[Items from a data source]
******
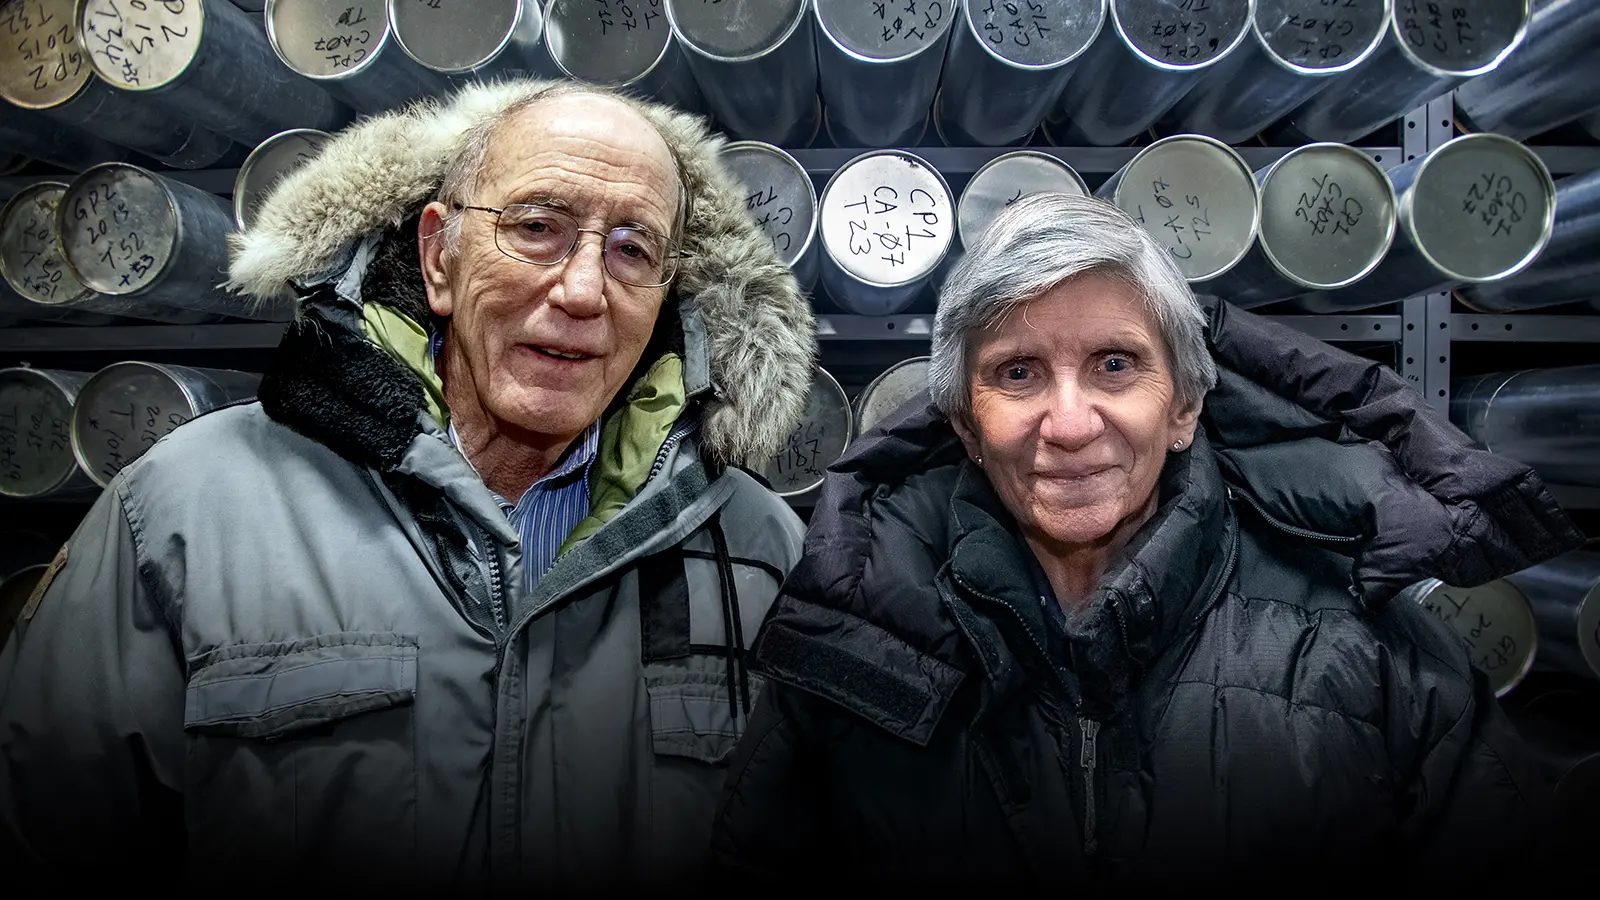 Lonnie Thompson and Ellen Mosley-Thompson in ice core freezer
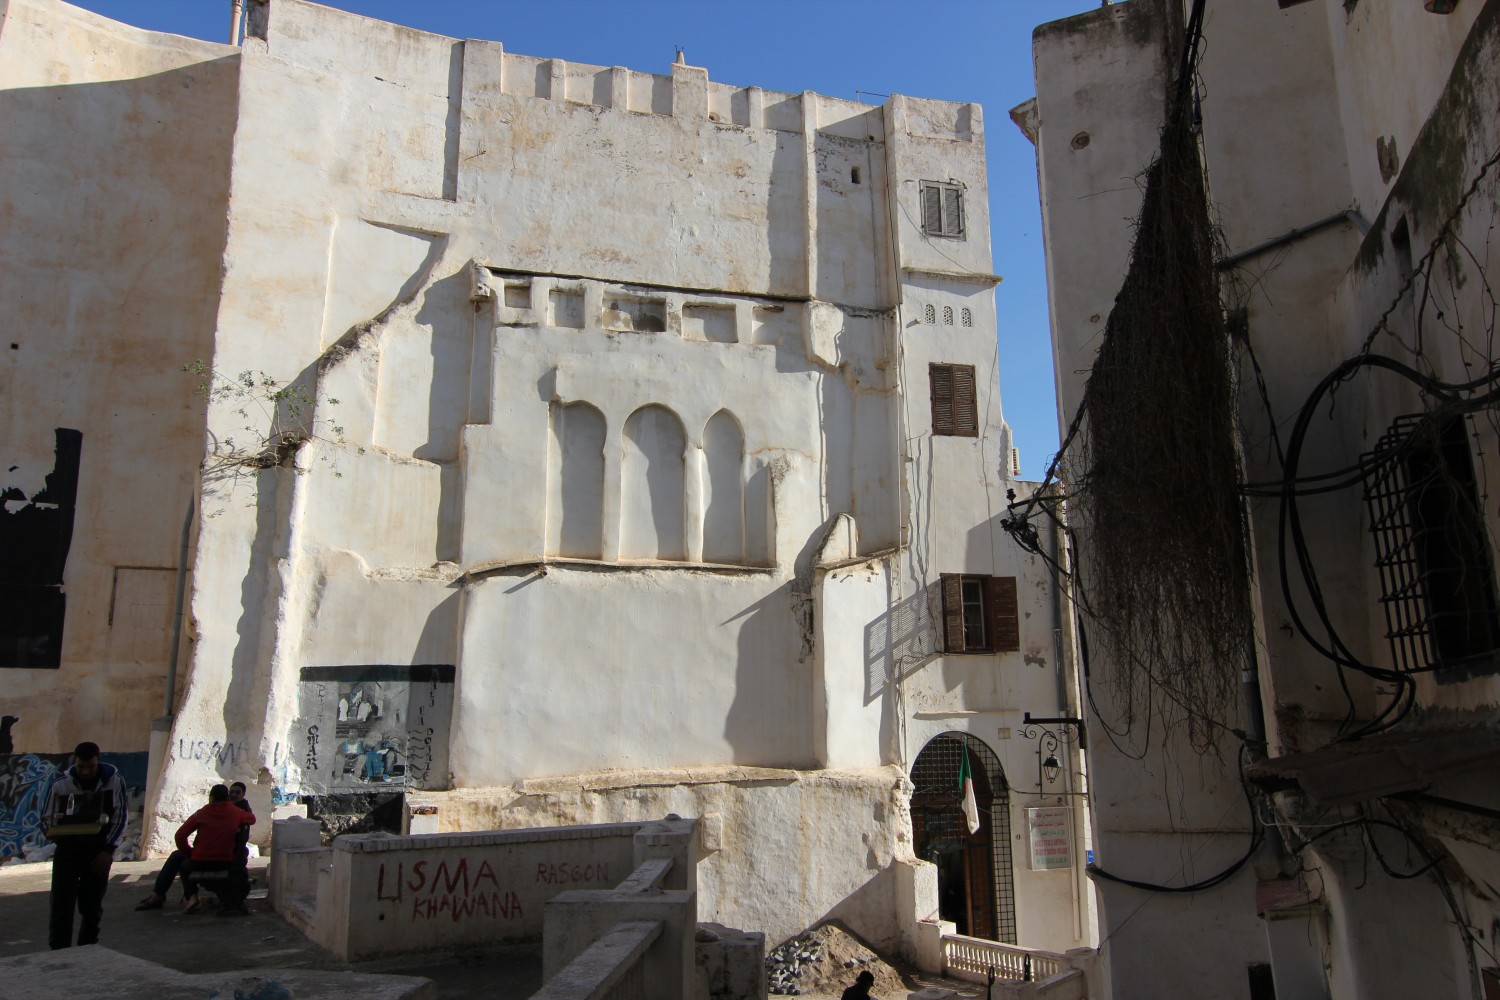 Rue Mohamed Akli Malek, exterior view of Dar Bakri showing remnants of alcoves and niches
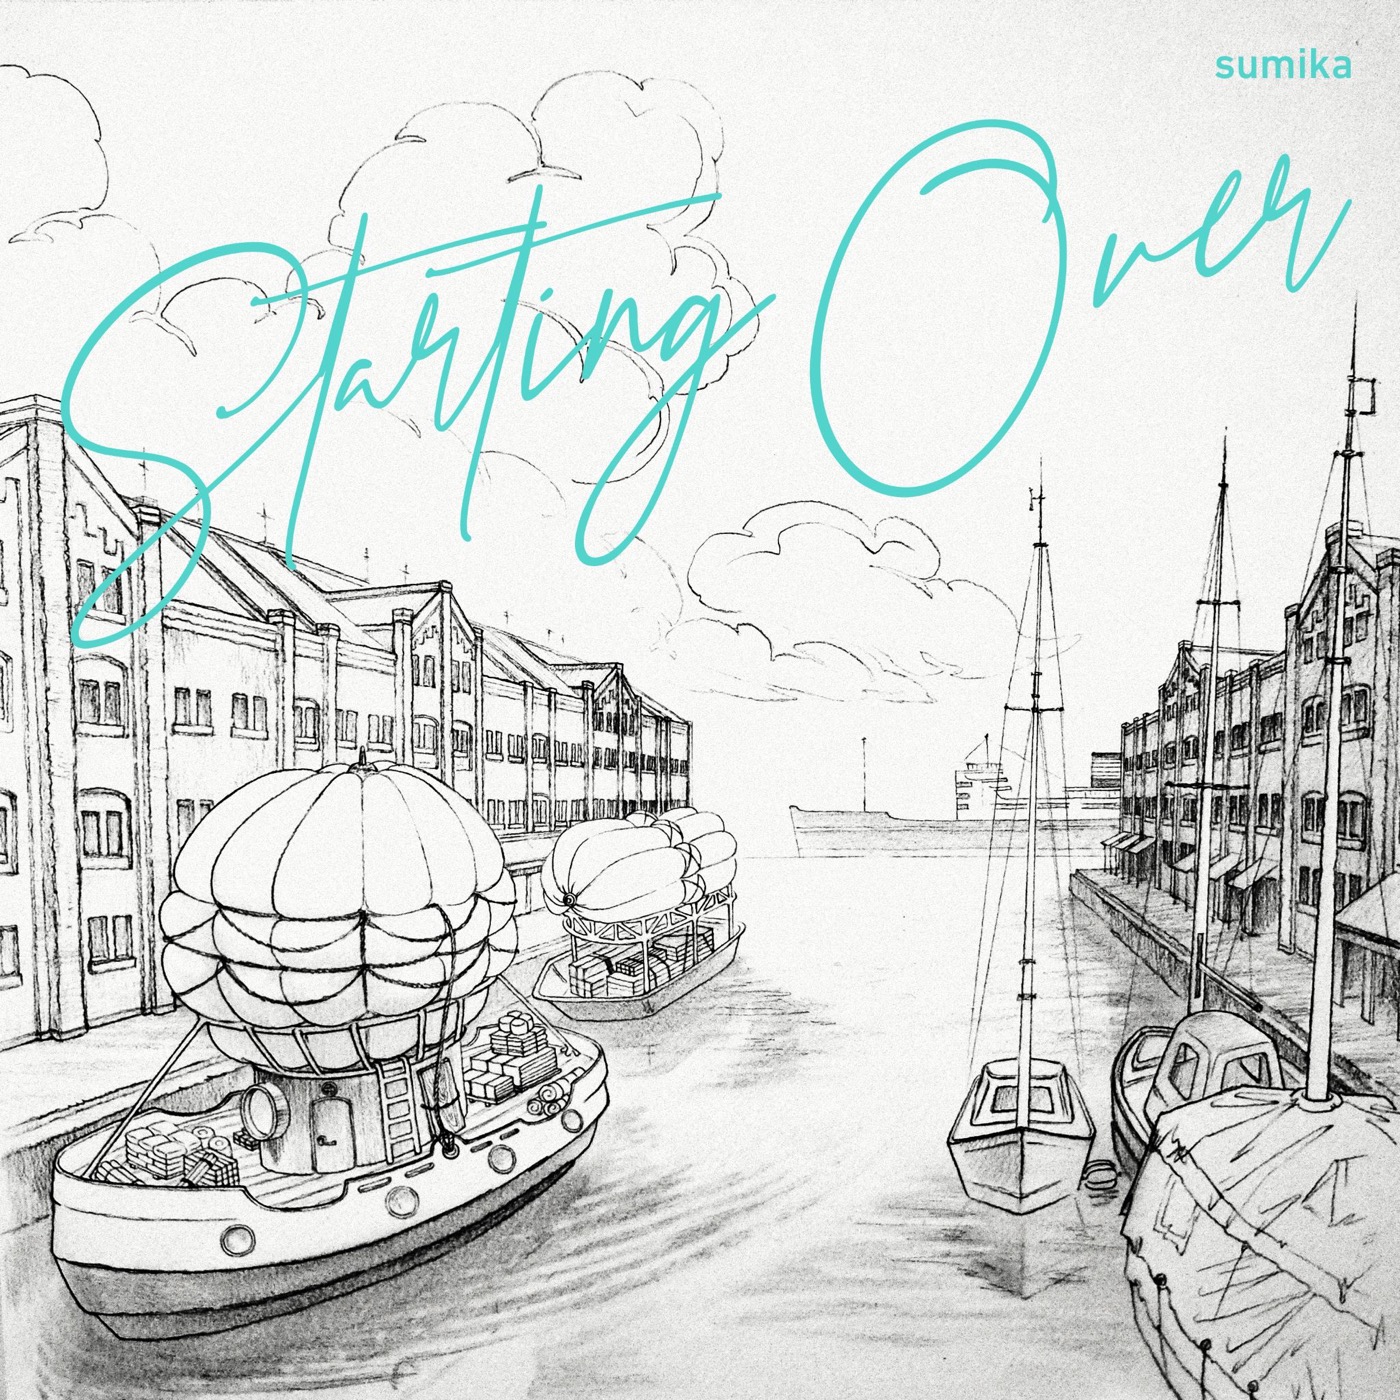 sumika、TVアニメ『MIX MEISEI STORY』OP曲「Starting Over」のCDリリース決定 - 画像一覧（1/2）
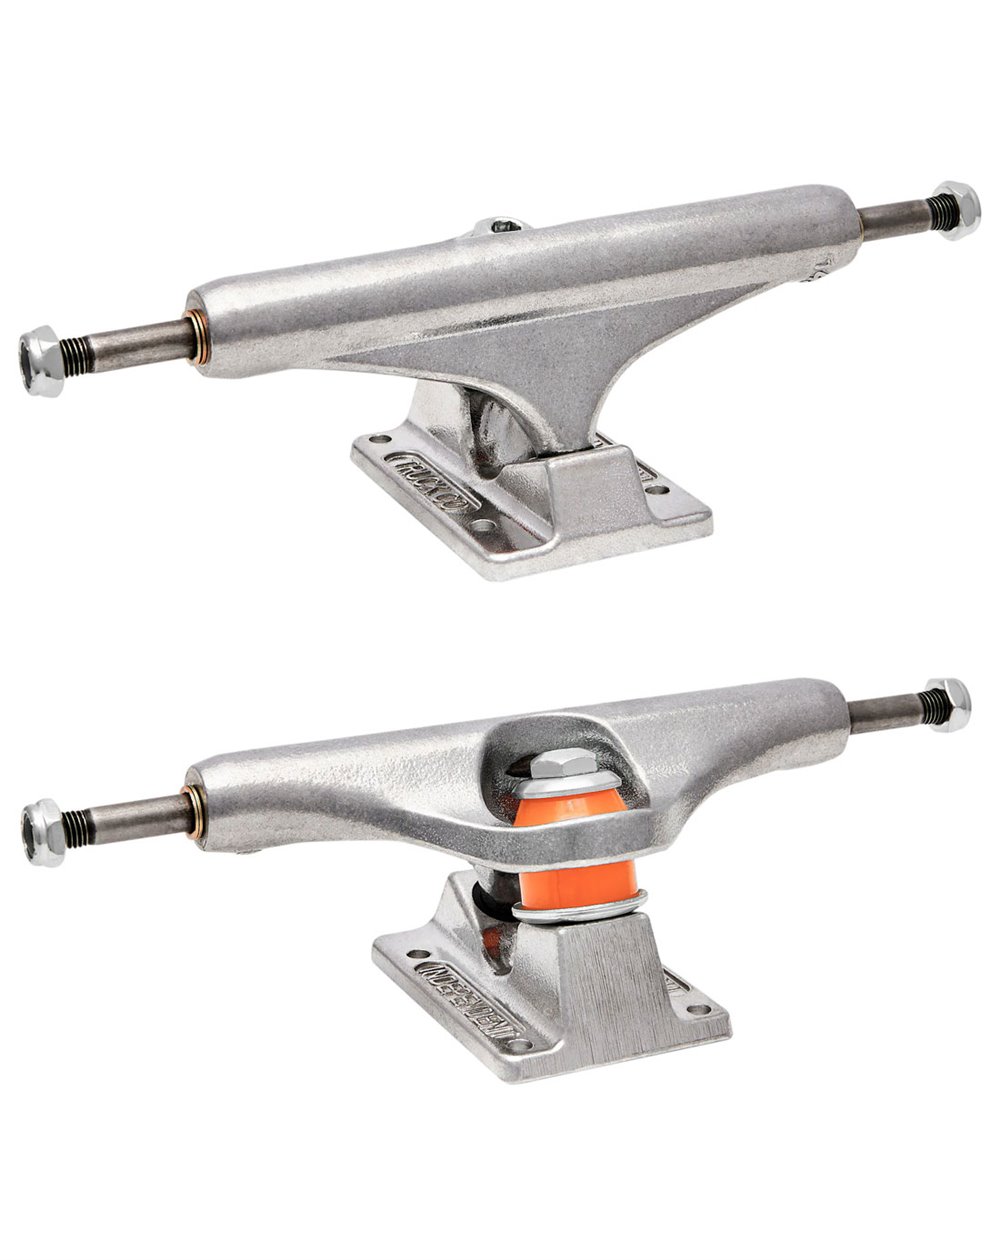 Independent MiD 144mm Skateboard Trucks pack of 2
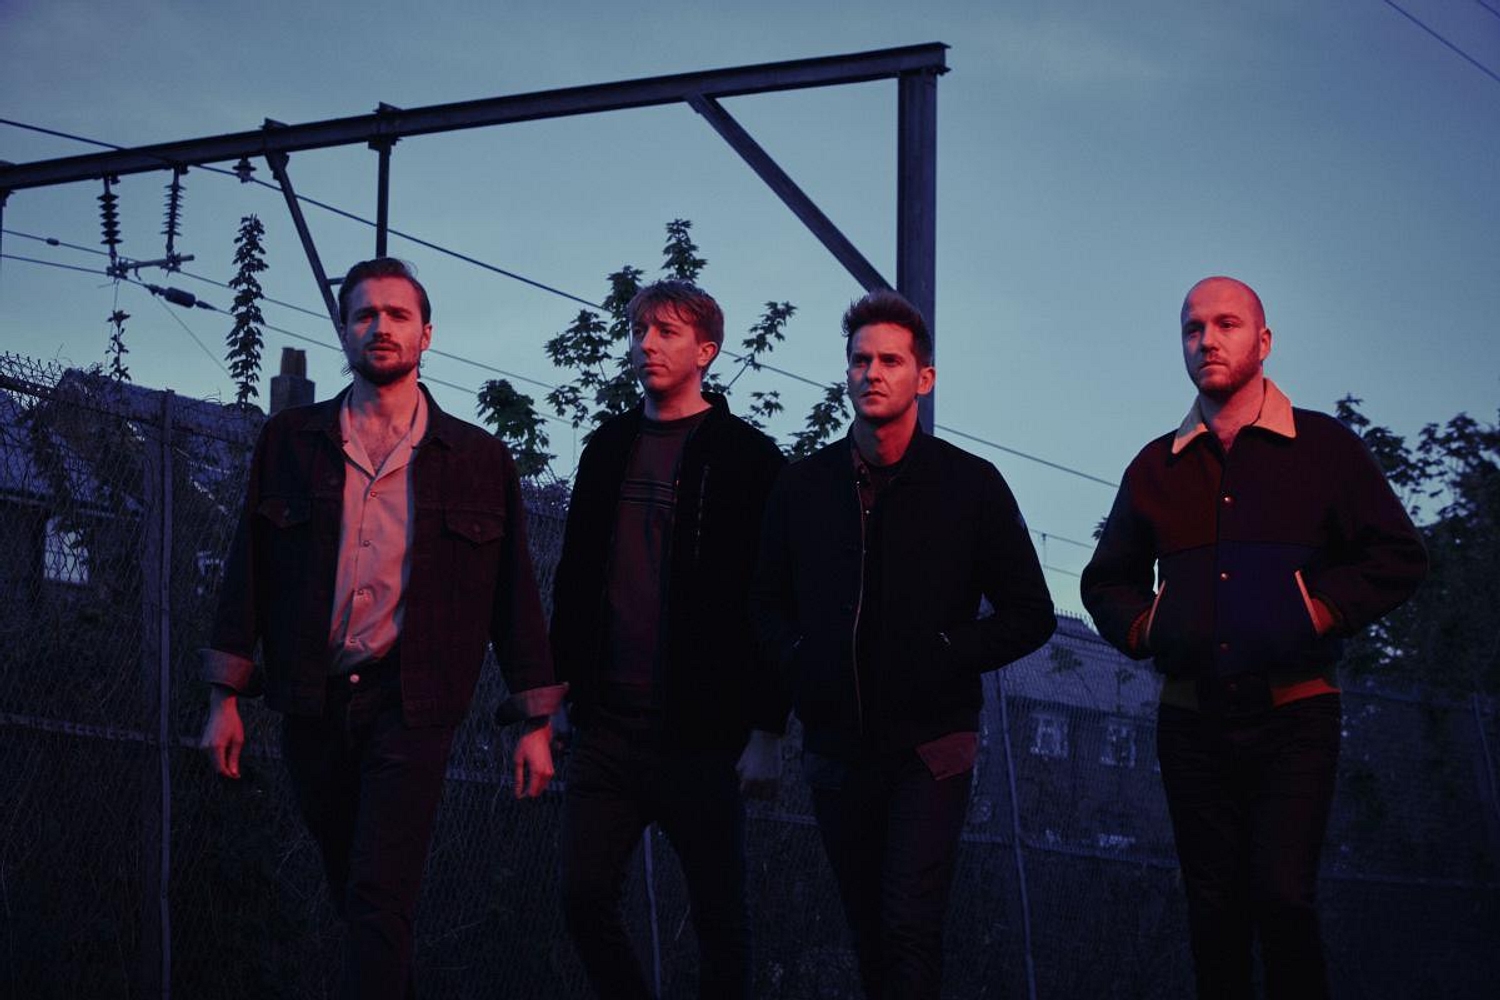 ​Tracks: Wild Beasts, The Strokes and more​
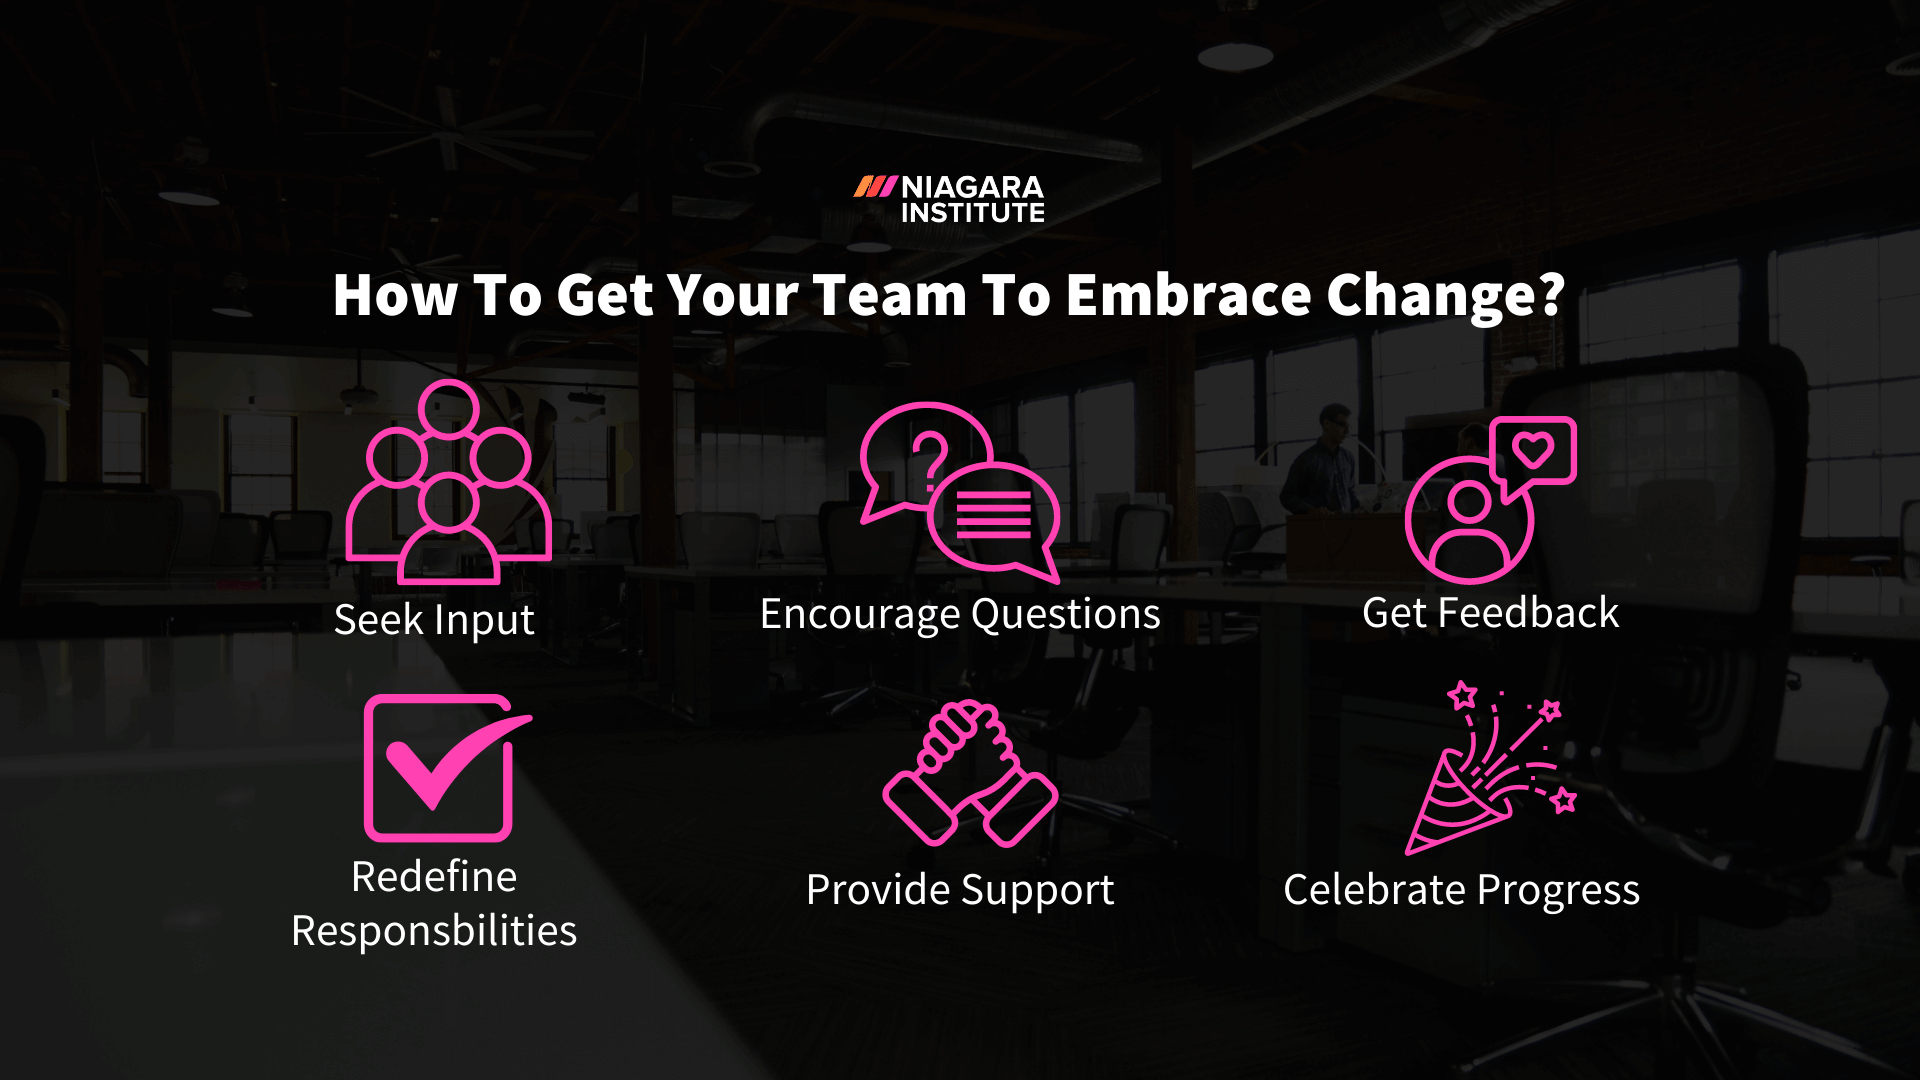 How To Get Your Team To Embrace Change - Niagara Institute (1)
******
### GOAL OF THE EXERCISE
Only an exact copy of the lines from the one with "Independent MiD 144mm" through the last line of the data above is wanted, and no pictures.

### SOLUTION TO THE PROBLEM
 Independent MiD 144mm Skateboard Trucks pack of 2
 ​Tracks: Wild Beasts, The Strokes and more​
 How To Get Your Team To Embrace Change - Niagara Institute (1)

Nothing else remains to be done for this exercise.